Зарева гайдамацких пожаров в то время уже полыхали на фоне густых волынских и закарпатских лесов. Отряды повстанцев действовали в районах Львова, Дубно и Белза. О восстании говорили уже в соседних государствах: Венгрии, Турции, Пруссии. Там усилили охрану границ, укрепляли пограничные крепости и увеличивали гарнизоны в них. С Правобережной Украины бежало панство. Кто спасался на левобережье, кто в Кракове и других надежных крепостях.
Такой надежной крепостью считали и Умань.
Каждый день туда прибывали шляхтичи. Одни ехали в гербовых каретах, запряженных шестерками, с десятками нагруженных имуществом возов позади, с поварами и горничными, но были и такие, что приезжали без седла, на взмыленных лошадях, успев спасти только жизнь да дедовскую ладанку на голой шее. Через несколько недель в город стали впускать только шляхтичей, и то после тщательного обыска. А ещё через некоторое время въезд был совсем прекращен. Шляхта стала поселяться под Грековым лесом, неподалеку от крепости.

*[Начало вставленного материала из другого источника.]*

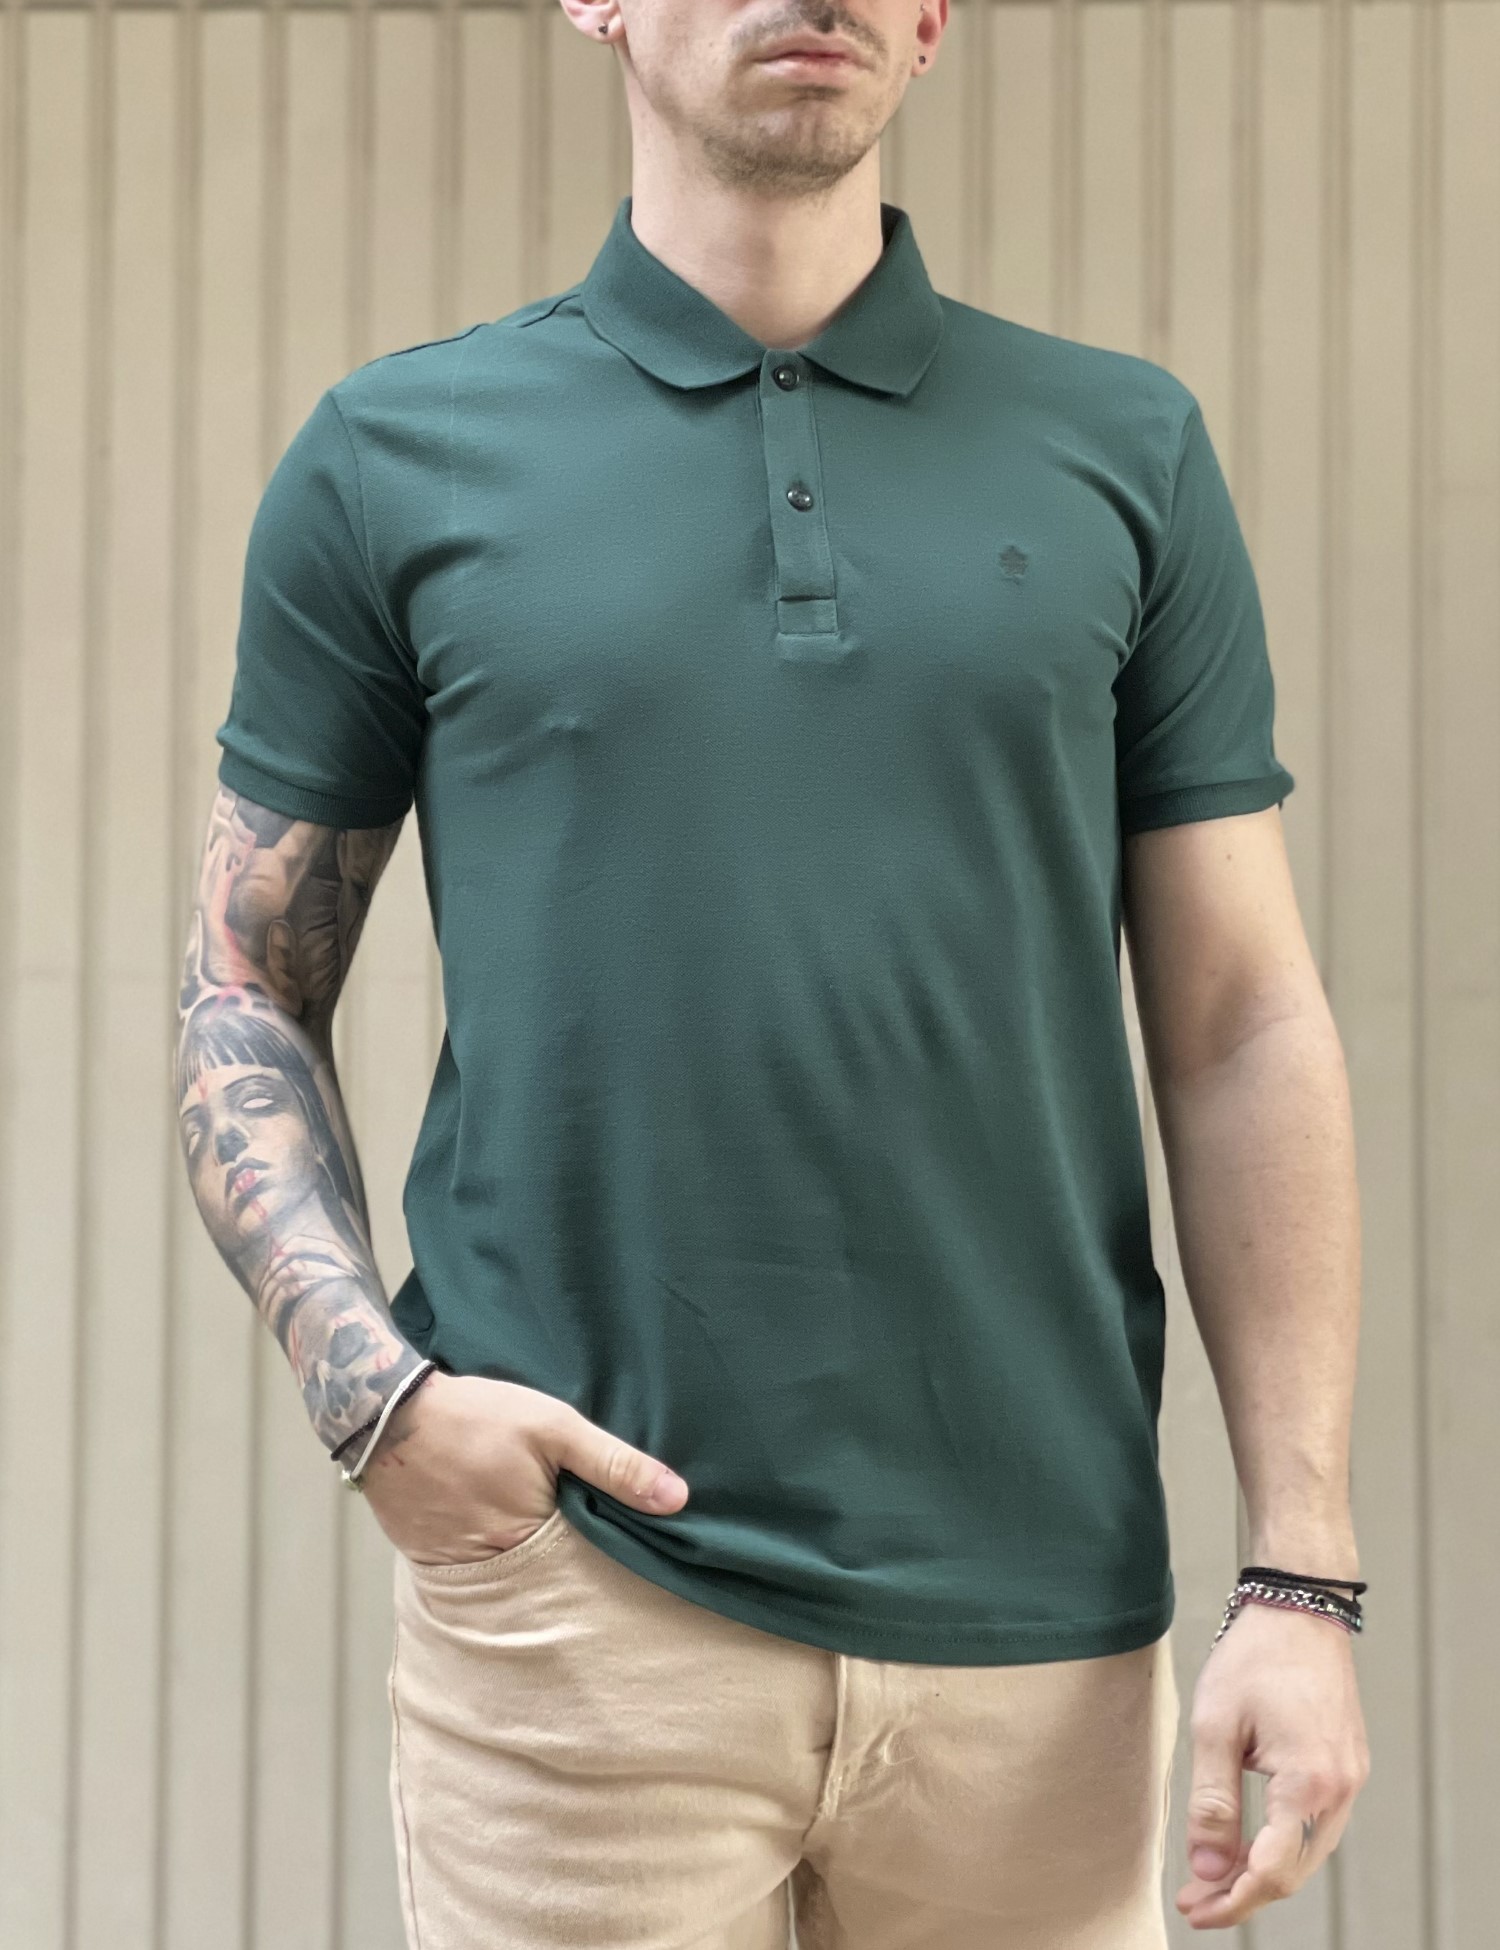 – Ανδρικη πρασινη βαμβακερη κοντομανικη μπλουζα Polo 4331L

Однако как ни обыскивали всех приходящих и приезжающих, а через неделю после выхода из Умани полка ландмилиционеры поймали на базаре гайдамацкого лазутчика с грамотой. Грамоту лазутчик успел проглотить, его пытали каленым железом, жгли на спине порох, но он не сказал, кто ему передал её и что в ней было написано. Велено было вспороть живот, однако никто не осмелился сделать это без причастия, а пока искали православного попа — в Умани не было ни одного, его привезли откуда-то из села — грамота успела набрякнуть, и разобрать в ней ничего не смогли. По Умани ходили всякие слухи, один страшнее другого. Неизвестно откуда они появлялись, кто распространял их, но они черным дымом ползли по городу, пугая обывателей. Один из них, очень похожий на правду, дошел до ушей землемера Шафранского, когда-то служившего офицером в армии Фридриха Великого, а теперь, во время общей тревоги в городе, фактически принявшего на себя все дела по обороне крепости и вербовке дворян в войско. Слух этот привез богуславский подстароста. Он рассказал, что видел сам, как Гонта перебежал к гайдамакам и повел за собой весь полк уманских казаков. Этому слуху поверили все, тем более что из полка уже несколько дней не было никаких известий. В Варшаву послали донесение, в сторону Звенигородки выслали разъезд из молодых дворян с приказом разузнать обо всём. Мало кто надеялся на возвращение этого разъезда. Но, к всеобщему удивлению, разъезд возвратился уже через день, да ещё и не сам, а со старшим сотником Гонтой и полковником Обухом.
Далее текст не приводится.